At the heart of this powerful infrastructure, of course, are the microprocessors powering Silicon Mechanics hardware running OMRF research workloads. Silicon Mechanics selected AMD EPYC 7002 Series CPUs because they offer several key advances impacting how HPC workloads are processed.
“These AMD processors use the new fourth generation PCIe technology, which supports a 16 GT/s bit rate,” said Silicon Mechanics. “AMD has more PCIe slots and more PCIe lanes, which can really help in building a balanced system. This gives you more flexibility for architectural options, you can add lots of high bandwidth devices that solution architects like me used to only dream about.
A key to the success of the new research infrastructure is the joint experience of OMRF working with Silicon Mechanics, which is well-versed with the foundation’s unique workloads and organizational requirements.
“Having a trusted advisor and a partner that they will take the time to look at what they need, that’s what it’s all about,” said the representative. “They only get this money once every year-and-a-half or so. It’s critical they spend it correctly. Together, we can look at a lot of options, and they put a lot of trust in us to give them good advice.”

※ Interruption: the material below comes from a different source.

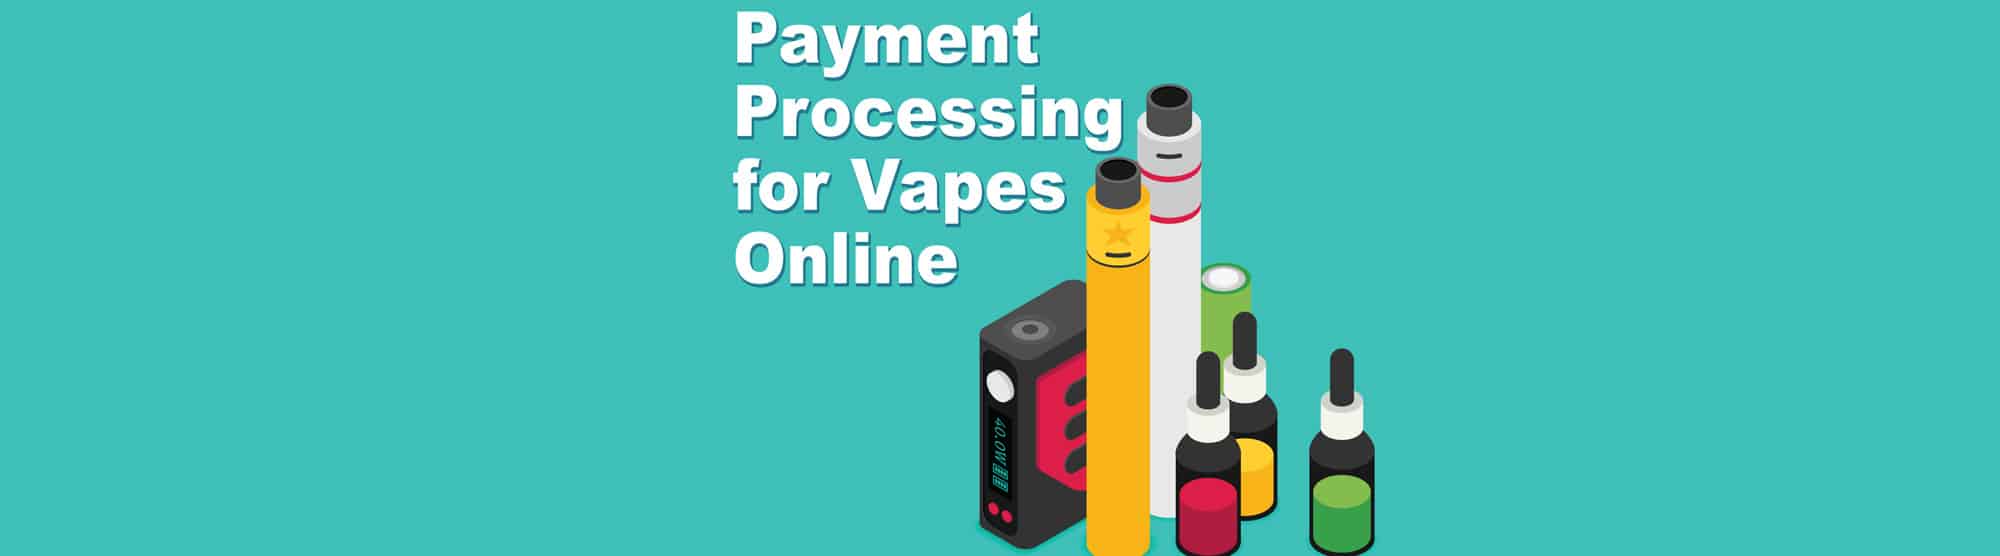 How to get payment processing for vape products online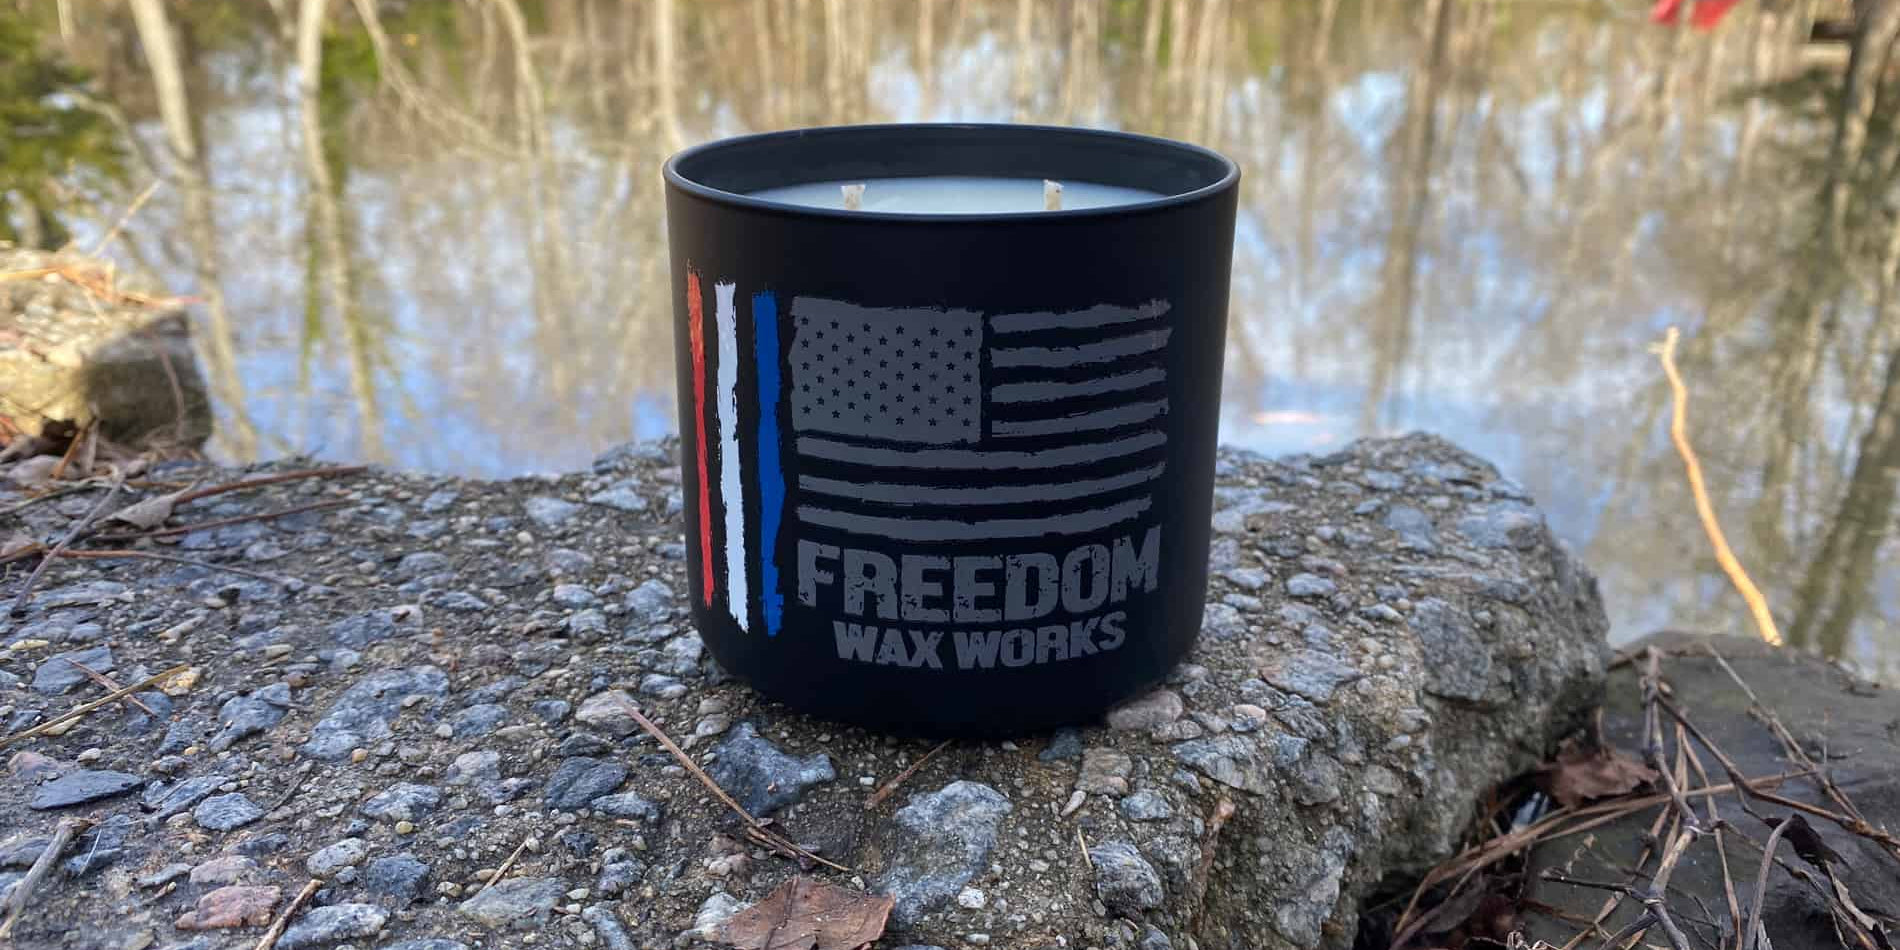 Freedom wax works candles

For customer support on day-to-day matters, “it really is the fact that they can pick up the phone and talk to people with decades of experience in HPC without going through a phone tree,” the representative said. “OMRF can talk with technical people who have worked with them for more than five years. This isn’t a place where reps come and go. In this industry, you’d be surprised how many people will trade emails back and forth to death versus picking up the phone and talking through the problem with a customer. A lot of times, customers just want to talk to somebody instead of trading emails. It’s really that simple.”